§ **PROBLEM**: Once you find the line with "red arrow figure" in the data below, transcribe exactly each line from there to the line with "Vocabineer English Sentences for Summer", inclusive, and nothing else. Drop the pictures.

━━ SOURCE DATA

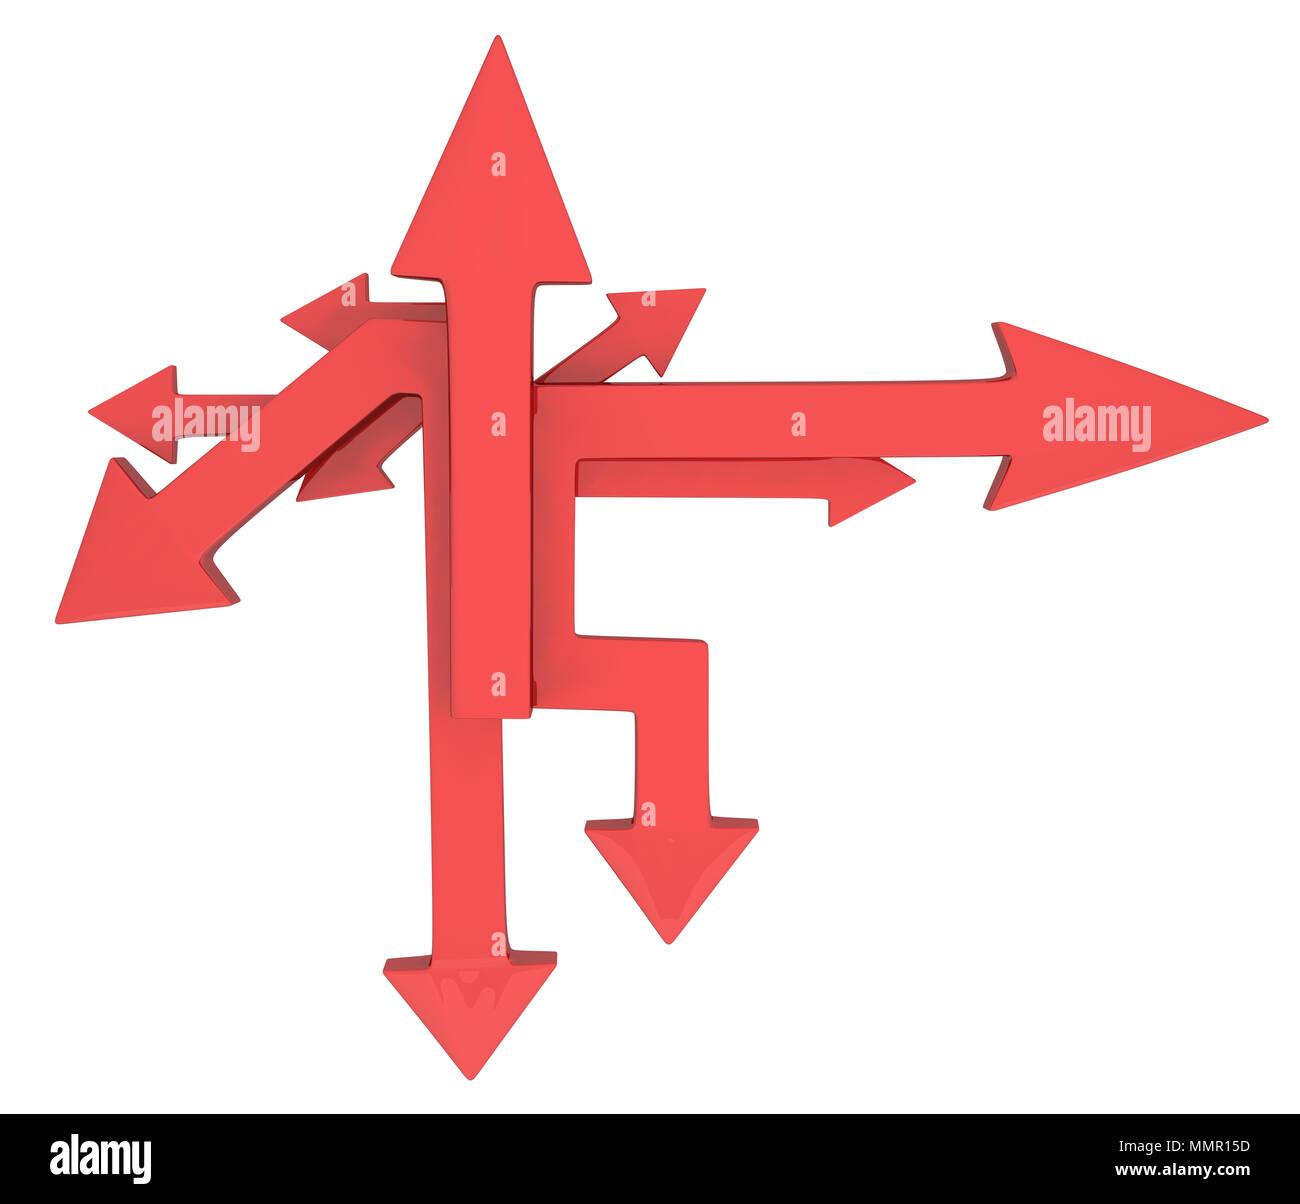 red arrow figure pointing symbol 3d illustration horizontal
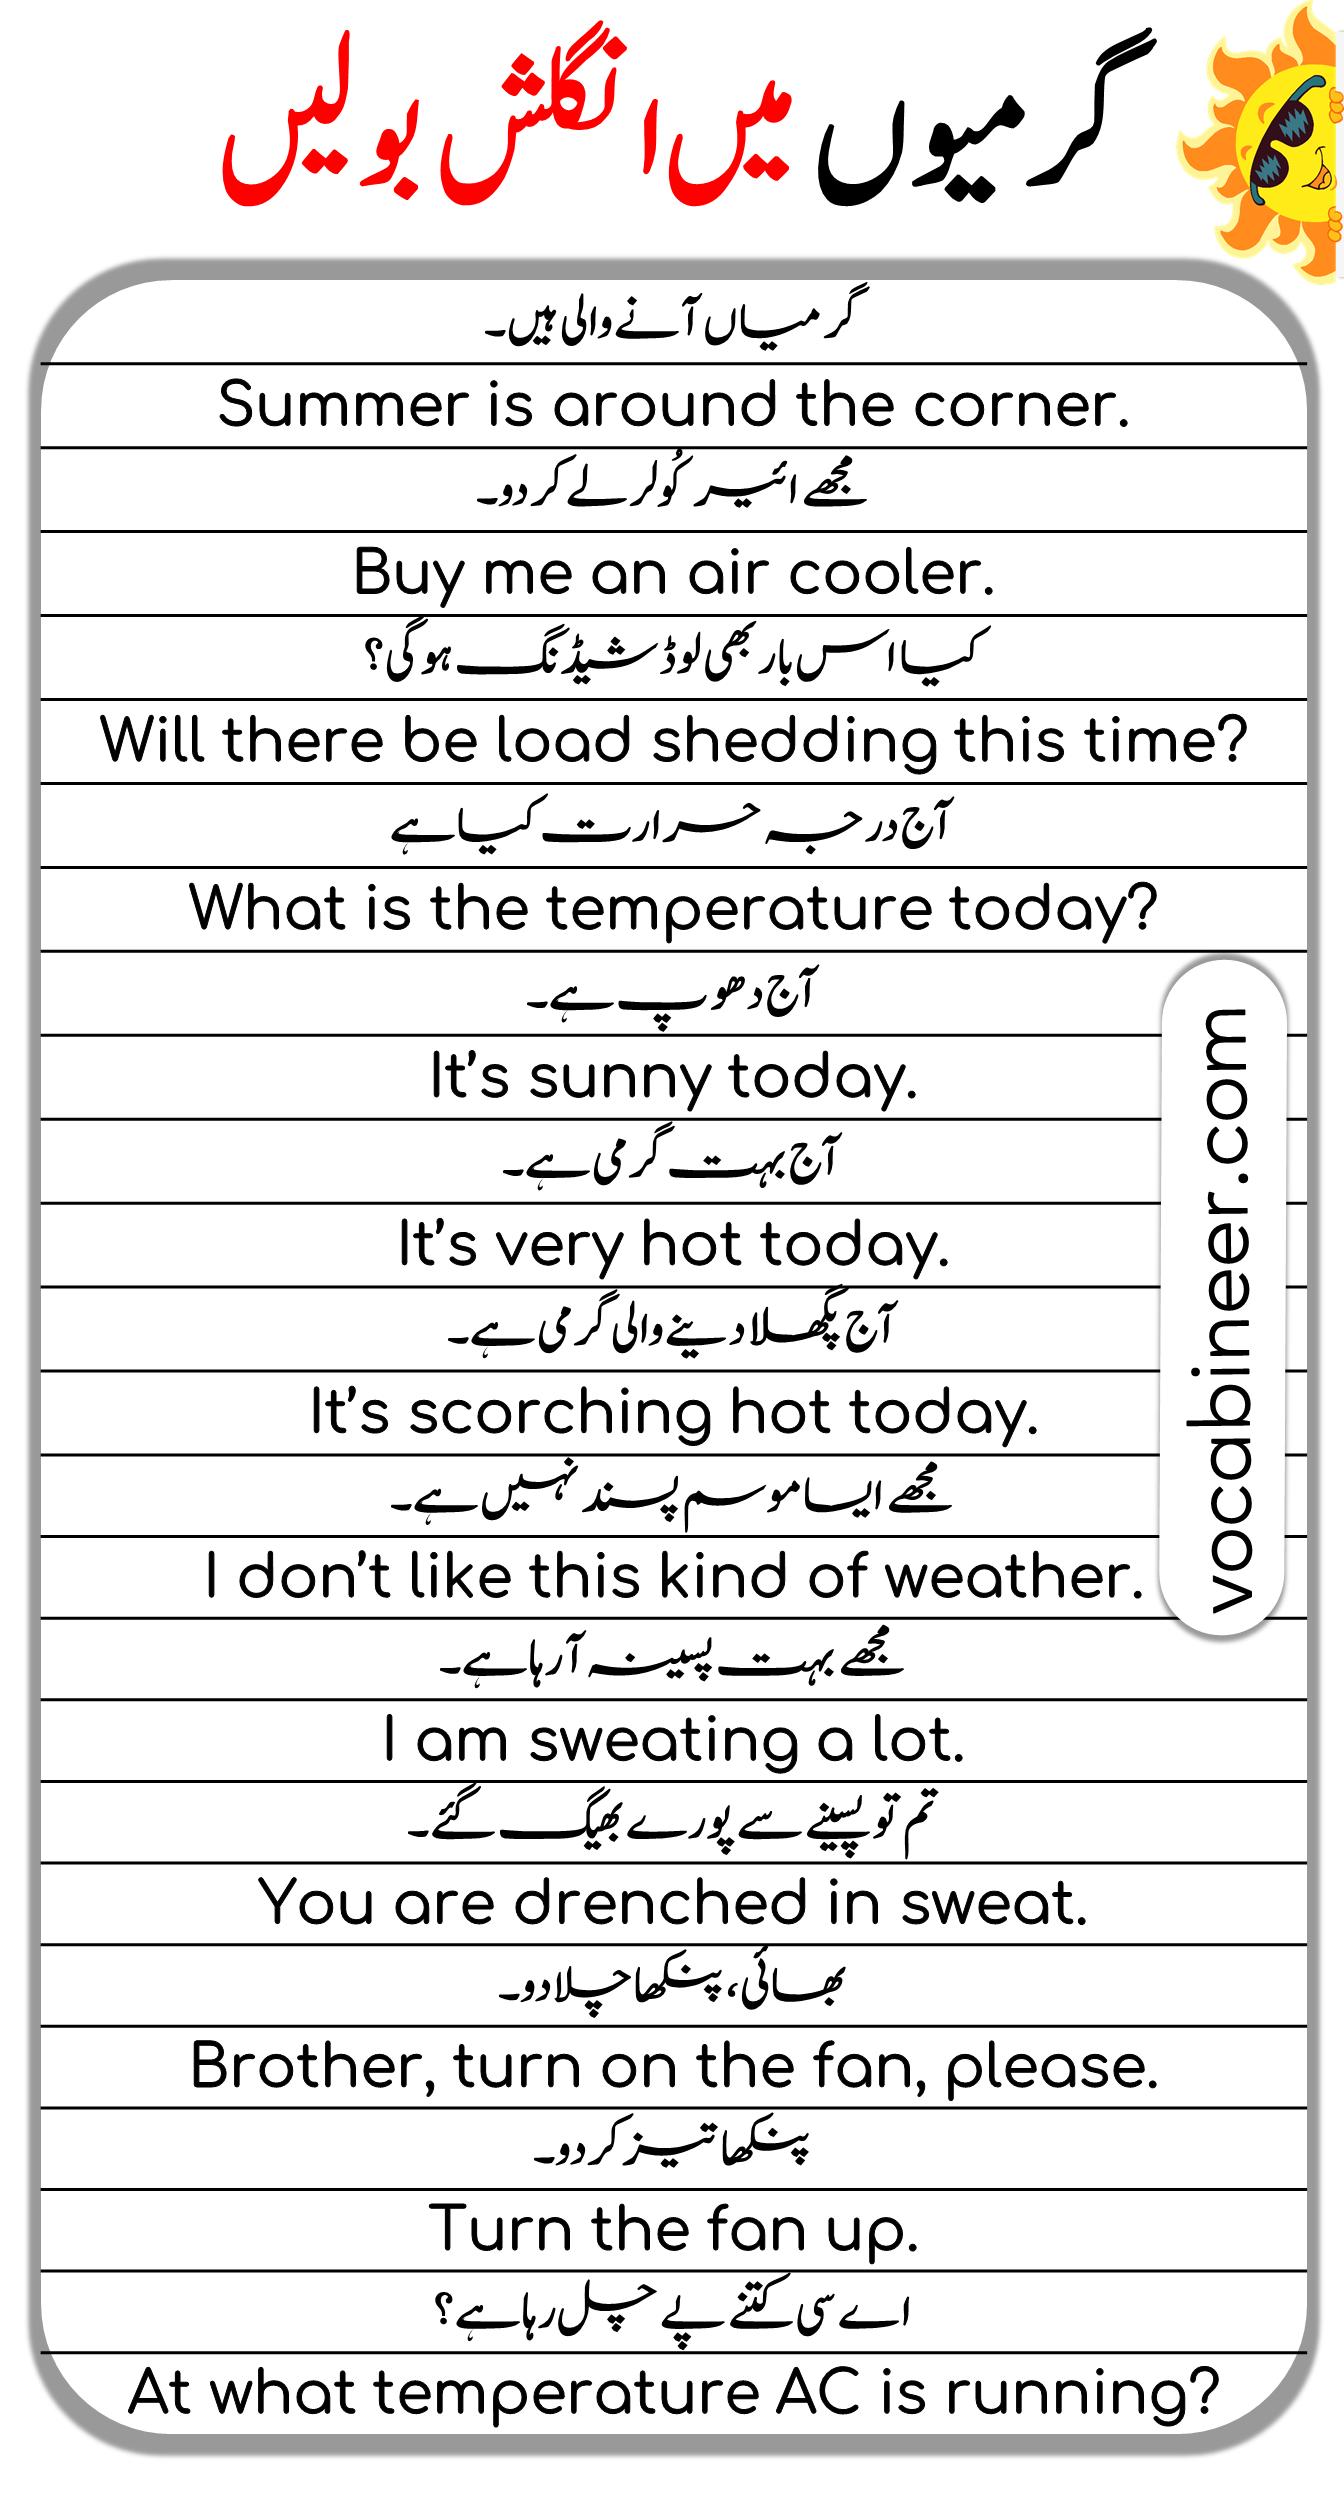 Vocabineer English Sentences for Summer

━━━━
━━ SOURCE DATA

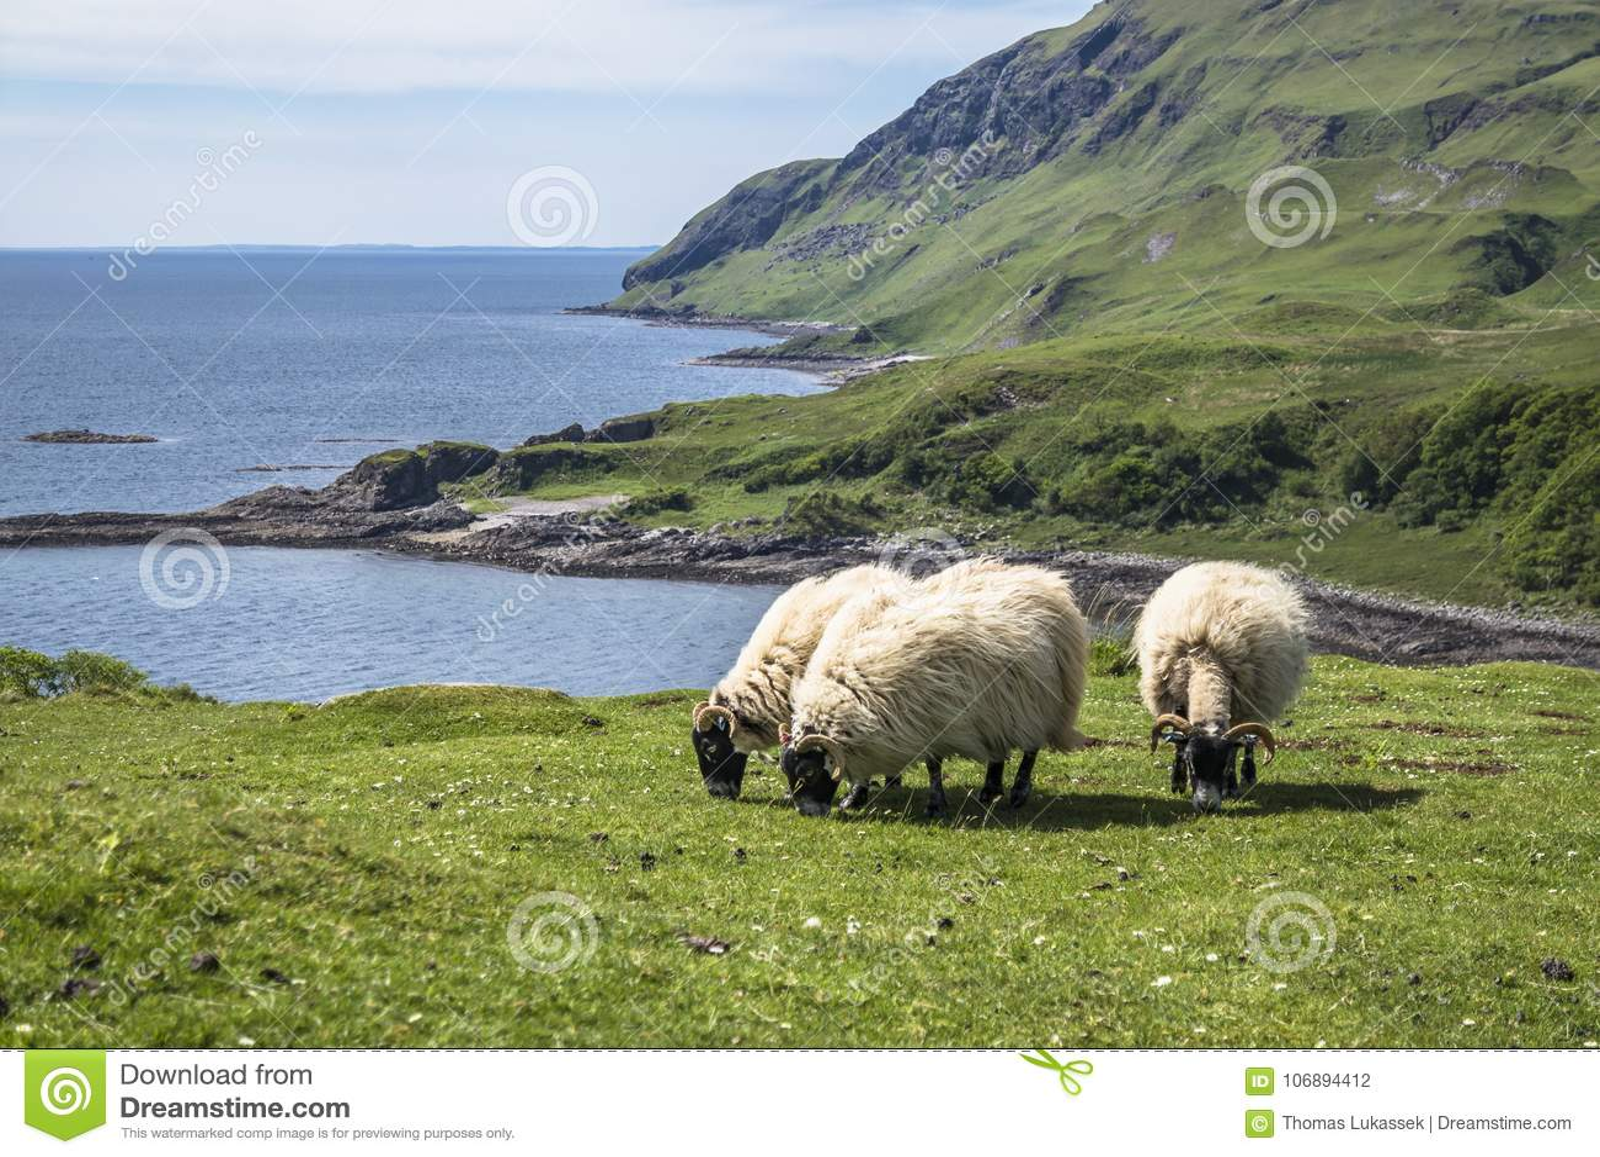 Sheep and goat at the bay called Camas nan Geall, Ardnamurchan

━━━━

§ **REPLY TO THE EXERCISE**:
 red arrow figure pointing symbol 3d illustration horizontal
 Vocabineer English Sentences for Summer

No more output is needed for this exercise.